Design equations (Horst et al. 2013)¤

For channels spaced δλ = 15 nm around λ_c = 1307.5 nm with n_gr = 4, n_eff = 2.4:

\[\Delta L_{\rm Base} = \frac{\lambda_c^2}{2\, \delta\lambda\, n_{\rm gr}} = \frac{1307.5^2}{2 \times 15 \times 4 \times 1000} = 14.246\; \mu{\rm m}\]
\[\Delta L_{\rm FS} = \frac{\lambda_c}{n_{\rm eff}} = \frac{1307.5}{2.4 \times 1000} = 0.5448\; \mu{\rm m}\]
Element Long arm (µm) Short arm (µm) ΔL
Root stage 1 264.246 250.0 ΔL_Base = 14.246
Root stage 2 278.492 250.0 2×ΔL_Base = 28.492
Leaf A 257.123 250.0 ΔL_Base/2 = 7.123
Leaf B 257.532 250.0 ΔL_Base/2 + 0.75×ΔL_FS = 7.532

The root coupling coefficients (0.5, 0.29, 0.08) are the Horst et al. analytic optimum for a flat-top 2-stage Chebyshev filter response.

Trainable parameters (11 total)¤

  • 7 DC coupling coefficients: k_r1, k_r2, k_r3 (root) + k_a1, k_a2 (leaf A) + k_b1, k_b2 (leaf B)
  • 4 long arm lengths: L_r1a, L_r2a (root stages) + L_a1 (leaf A) + L_b1 (leaf B)

Paper-derived initial values use coupling (0.5, 0.29, 0.08) for the root — designed analytically for a flat Chebyshev passband — and equal-split (0.5) for leaves.

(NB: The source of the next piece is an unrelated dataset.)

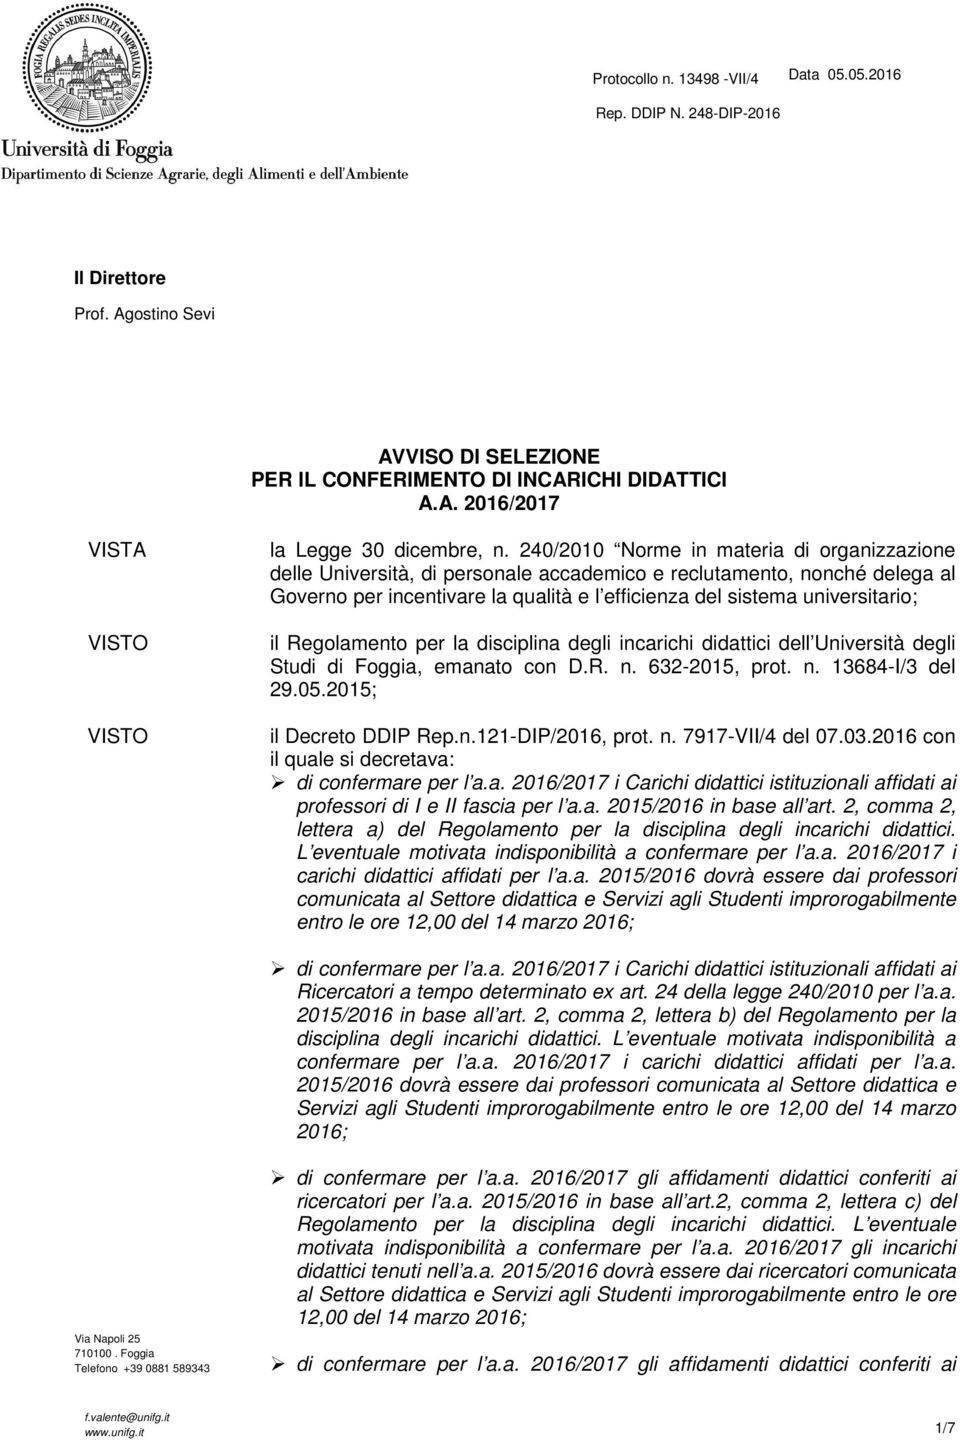 Regolamento per la disciplina degli incarichi didattici dell Università degli Studi di Foggia, emanato con D.R. n. 632-2015, prot. n. 13684-I/3 del 29.05.2015; il Decreto DDIP Rep.n.121-DIP/2016, prot.

Backpropagation implementation¤

With 11 tunable parameters, finite-difference gradient estimation costs 12 circuit solves per gradient step. jax.grad computes the exact gradient for all 11 parameters in ~2 solves (forward + backward). For a photonic integrated circuit with 100+ elements, backprop is the only practical route to optimisation.

import jax
import jax.numpy as jnp
import numpy as np
import optax
from circulax import compile_circuit
from circulax.components.electronic import Resistor
from circulax.components.photonic import DirectionalCoupler, OpticalSource, OpticalWaveguide
from circulax.utils import update_group_params, update_params_dict

# 64-bit precision is critical for photonic circuits: small phase differences
# between arm lengths produce small field changes, and gradients can be tiny.
jax.config.update("jax_enable_x64", True)


# ── Component model registry ──────────────────────────────────────────────
models = {
    "ground":    lambda: 0,
    "source":    OpticalSource,
    "waveguide": OpticalWaveguide,
    "dc":        DirectionalCoupler,
    "resistor":  Resistor,
}

# ── Design parameters from Horst et al. 2013 ───────────────────────────────
# λ_center = mean of [1285, 1300, 1315, 1330] nm
# δλ = 15 nm channel spacing; n_eff = 2.4; n_gr = 4 (group index)
DL_BASE = 14.246   # µm  — ΔL_Base = λ² / (2·δλ·n_gr·1000)
DL_FS   = 0.5448   # µm  — ΔL_FS   = λ / (n_eff·1000)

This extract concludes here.